Batch Job Management

def manage_multiple_jobs(client, job_configs):
    """Create and manage multiple flywheel jobs."""
    jobs = []
    
    # Create all jobs
    for config in job_configs:
        job = client.create_job(**config)
        jobs.append(job["id"])
    
    # Monitor all jobs
    completed = []
    while len(completed) < len(jobs):
        for job_id in jobs:
            if job_id not in completed:
                status = client.get_job_status(job_id)
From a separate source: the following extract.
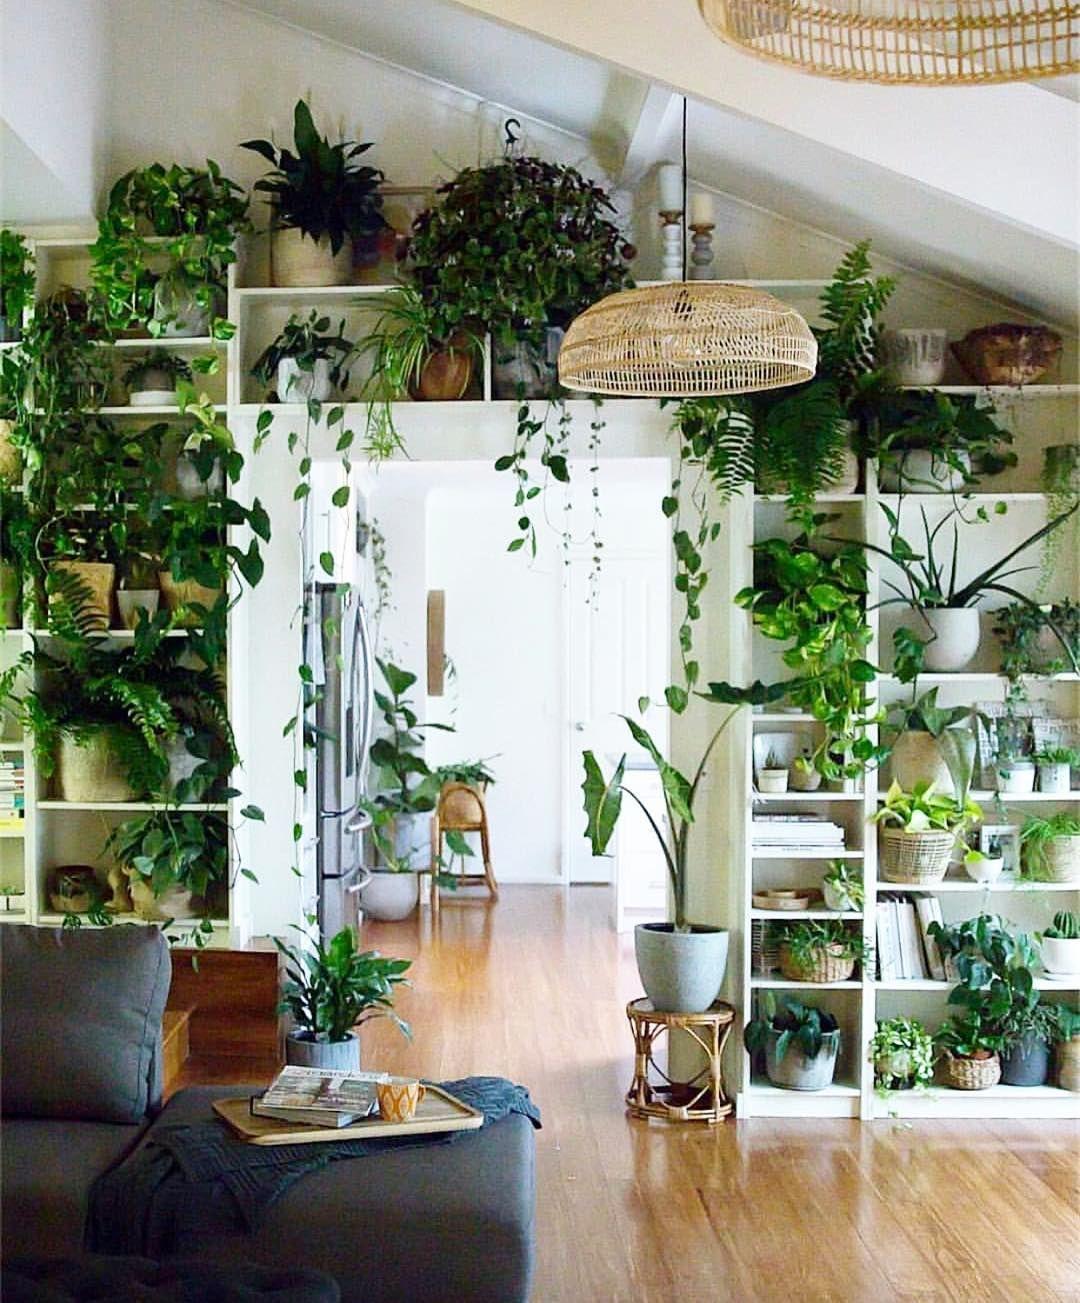 Görüntünün Olası Içeriği: Bitki, Masa Ve Iç Mekan | Ev ... tout Salon De Jardin Sophie

                if status["status"] in ["completed", "failed", "cancelled"]:
                    completed.append(job_id)
                    print(f"Job {job_id} finished: {status['status']}")
        
        time.sleep(60)  # Check every minute
    
    return completed

This API reference provides the foundation for integrating any application with the Data Flywheel Blueprint. For advanced workflow configuration, see the Configuration Guide.